In the line of previous study, our study, analysis revealed that glycemic levels and DM were not statistically associated with increased mortality rates. However, consistent with prior research, these factors were correlated with a greater extent of orbital disease and a higher incidence of orbital exenteration.

Among the 35 patients with NLP vision, seven underwent orbital exenteration within 2 months of study initiation due to the severity and progression of orbital involvement. Remarkably, there was a significant correlation between NLP vision and the rate of orbital exenteration. NLP vision often resulted from central retinal vessel and optic nerve involvement, which are indicative of orbital apex disease. Mortality was higher in patients presenting with initial V/A of NLP. Patients presenting with visual acuity greater than NLP at the time of diagnosis have a twofold increase in survival chances. However, NLP vision did not statistically correlate with mortality rates. Other factors, such as comorbidities like COVID-19, may have independently influenced mortality outcomes.

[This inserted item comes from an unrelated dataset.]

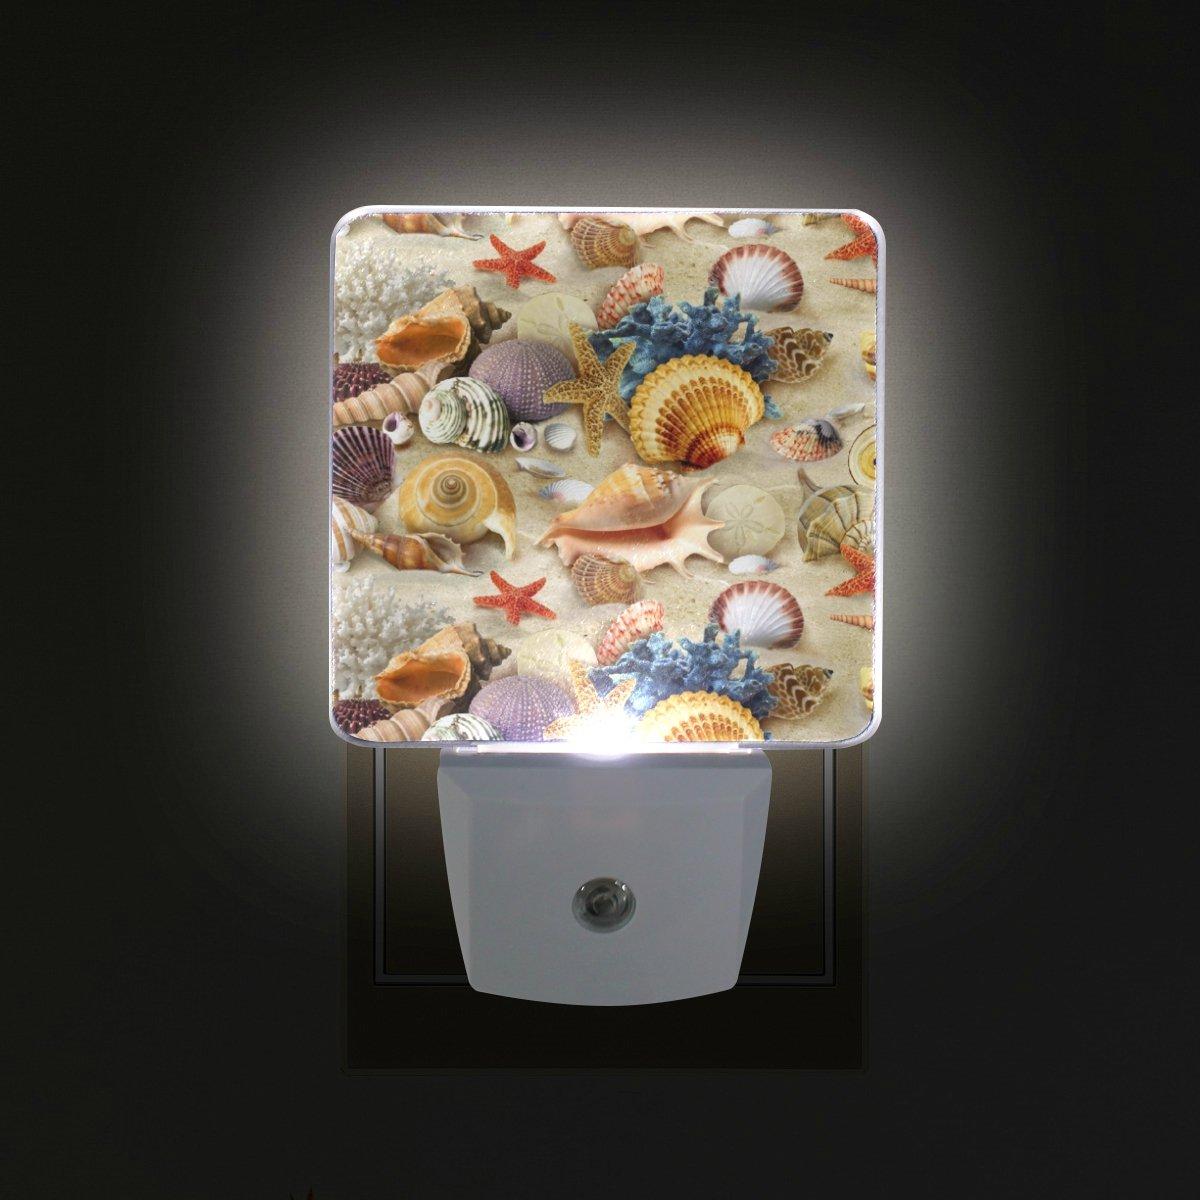 giovanior海スタイルサンドビーチヒトデ貝プラグin Dusk to DawnライトセンサーLEDナイトライトウォールライトの寝室、バスルーム、廊下、階段、エネルギー効率的な B079M3RDHX 15675

We observed that orbital exenteration as part of treatment protocols in some patients, played a crucial role in preventing mortality. All patients who underwent orbital exenteration survived during the 3-year follow-up period, even in cases of extensive orbital involvement. Research on ROCM patients in Peru demonstrated that survival analysis indicated a reduced likelihood of survival for those who did not undergo surgical intervention³⁸.

In our 3-year follow up, overall mortality rate was 44%, aligning with previous research about ROCM was done in Iran²⁵; Similar survival rates were reported a 40% survival rate in other studies on COVID-19 and ROCM^22,25. Mortality rates vary in the literature. The fatality rate of cases with ROCM are less than the other forms of mucormycosis systemic involvement³⁹. This is likely the result of the different forms of the disease, the challenging diagnosis, especially for pulmonary mucormycosis, and the association with either mild, moderate or severe COVID-19, which also affects mortality. In Europe, mortality ranges from 53.8 to 88%. But overall, the conclusive data on mucormycosis-related mortality are lacking in the literature and follow up periods are somehow short.[75] Delay in diagnosis may be an important prognostic factor related to the mortality.[75] Also, a shorter duration of antifungal therapy was linked to decreased patient survival. All patients who underwent orbital exenteration due to extensive orbital disease in our study survived during the 3-year follow-up period. Despite the aggressive nature of exenteration, these findings underscore the importance of timely and aggressive surgical intervention in patients with extensive orbital and intracranial involvement to enhance survival rates, particularly in developing countries. Our findings on the impact of orbital exenteration on survival diverged from a prior study conducted in India. The earlier study, using Kaplan-Meier survival analysis, indicated no survival advantage of exenteration at 3 and 6 months for CAM. This discrepancy might be attributed to a smaller sample size, a shorter follow-up period, or variations in postoperative care⁴⁰. The 10-year cohort study demonstrated that tailored surgical management of ROCM based on the impacted structures is crucial. This approach not only enhances patient survival but also takes into account aesthetic and functional outcomes⁴¹.

However, it is difficult to determine the exact mortality rate of the COVID-19-related ROCM because the death might be due to other complications of COVID-19 in certain patients.[77].

Our study stands out due to its comprehensive 3-year follow-up of patients during the outbreak of ROCM in the context of the COVID-19 pandemic. Obtaining data from patients’ medical records posed challenges due to the majority being in the red zone of COVID-19-related hospitals, receiving oxygen therapy, or intubated. Consequently, gathering a comprehensive history and conducting physical examinations proved difficult, leading to incomplete information in the patient case sheets and missed cases of ROCM.